Data segment —
=== Section Start ===
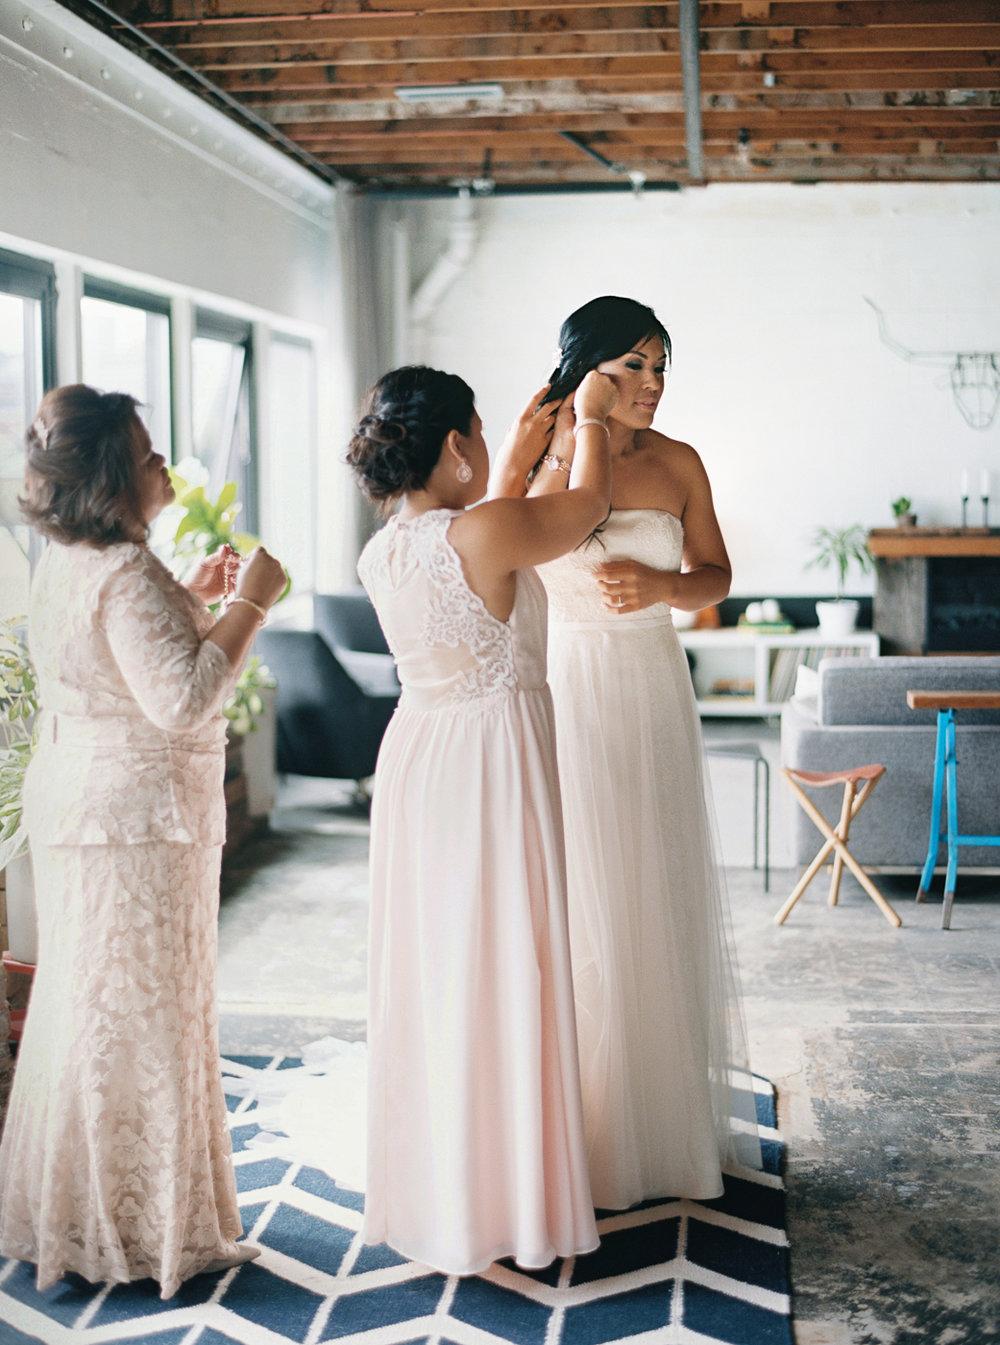 014Union_Pine_Portland_Oregon_Wedding_Photography.jpg
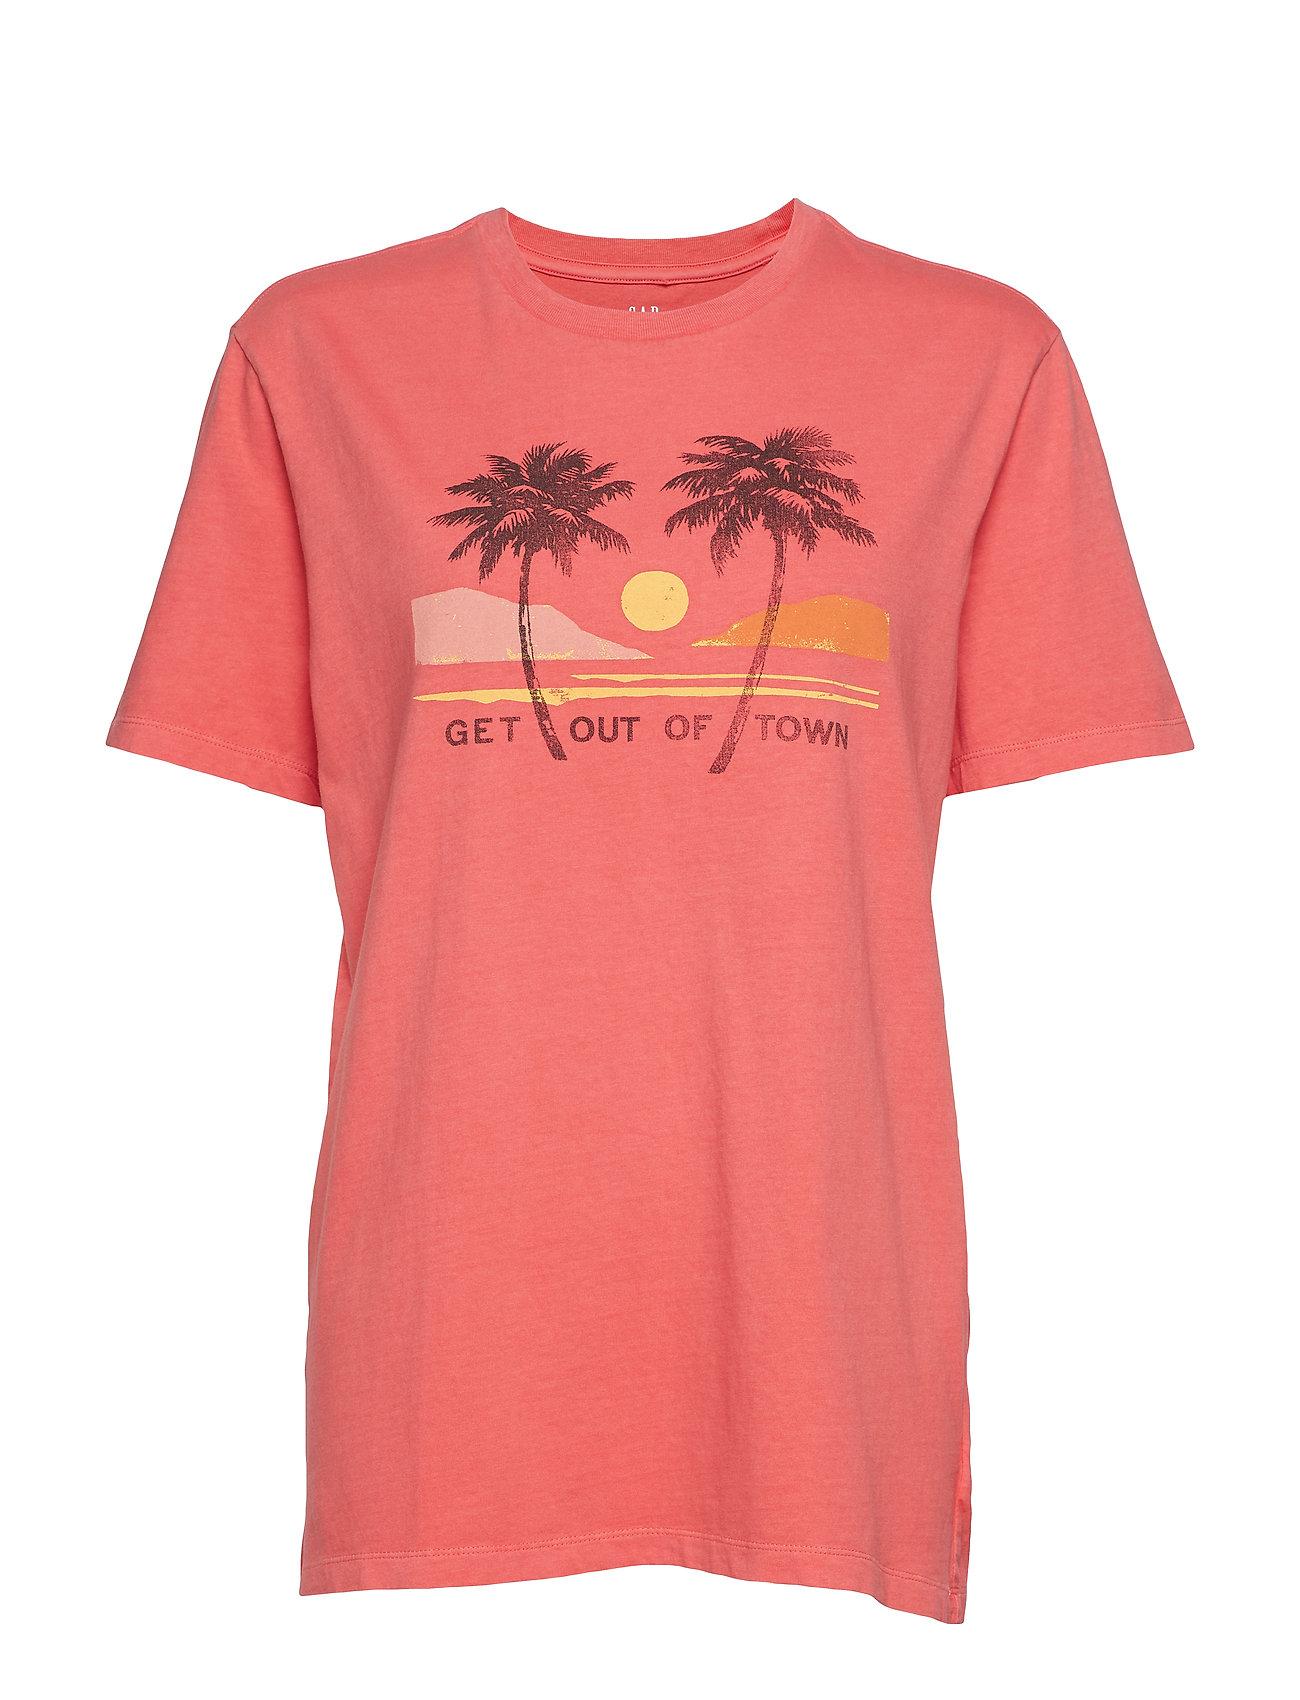 GAP Graphic Short Sleeve Crewneck T-Shirt - WATERMELON ICE
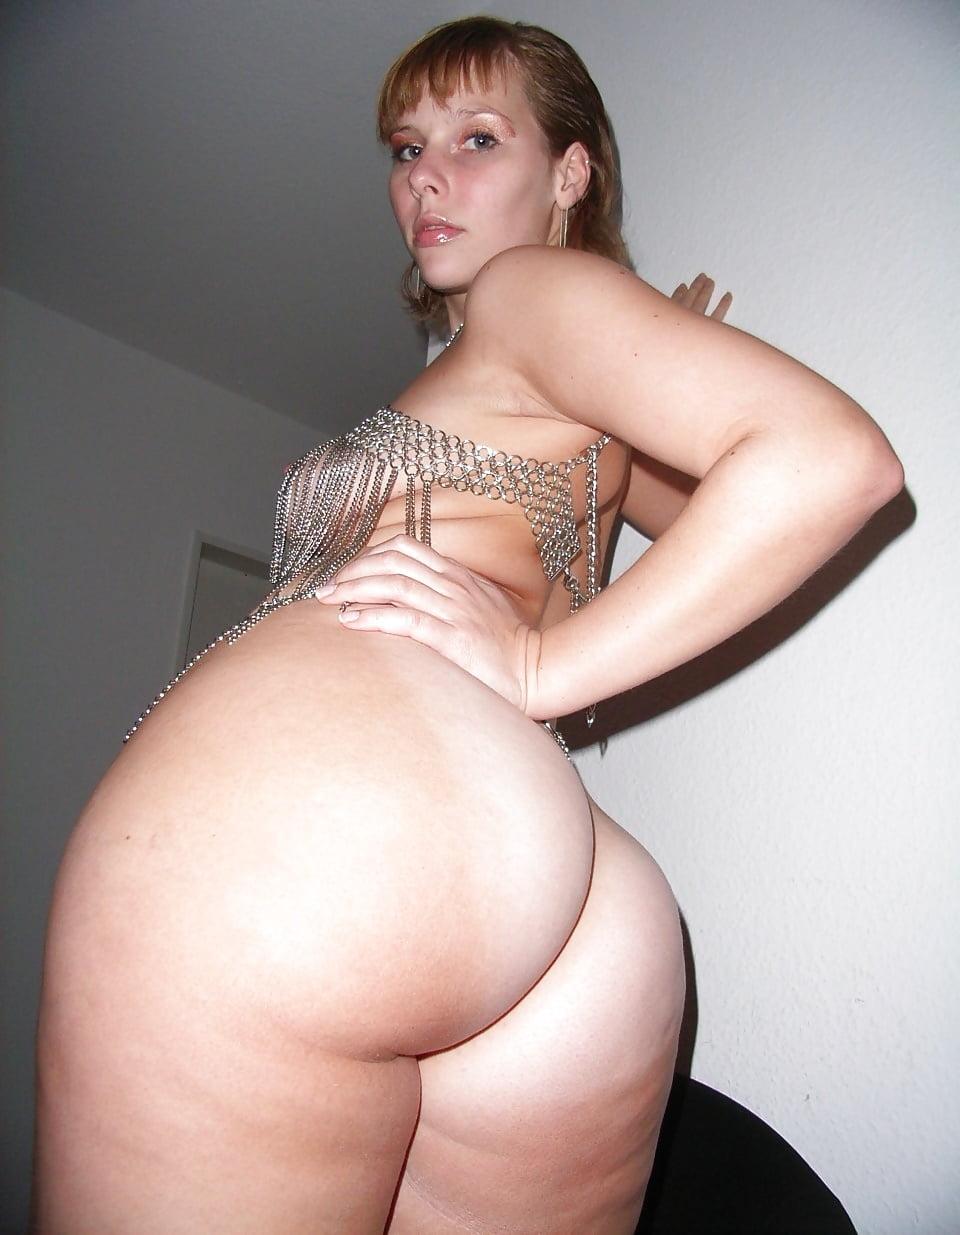 Cherie pics ass — pic 4
=== Section End ===
Task to carry out — Without the pictures, output the full listing exactly as it stands.

Answer for this exercise —
 014Union_Pine_Portland_Oregon_Wedding_Photography.jpg
 GAP Graphic Short Sleeve Crewneck T-Shirt - WATERMELON ICE
 Cherie pics ass — pic 4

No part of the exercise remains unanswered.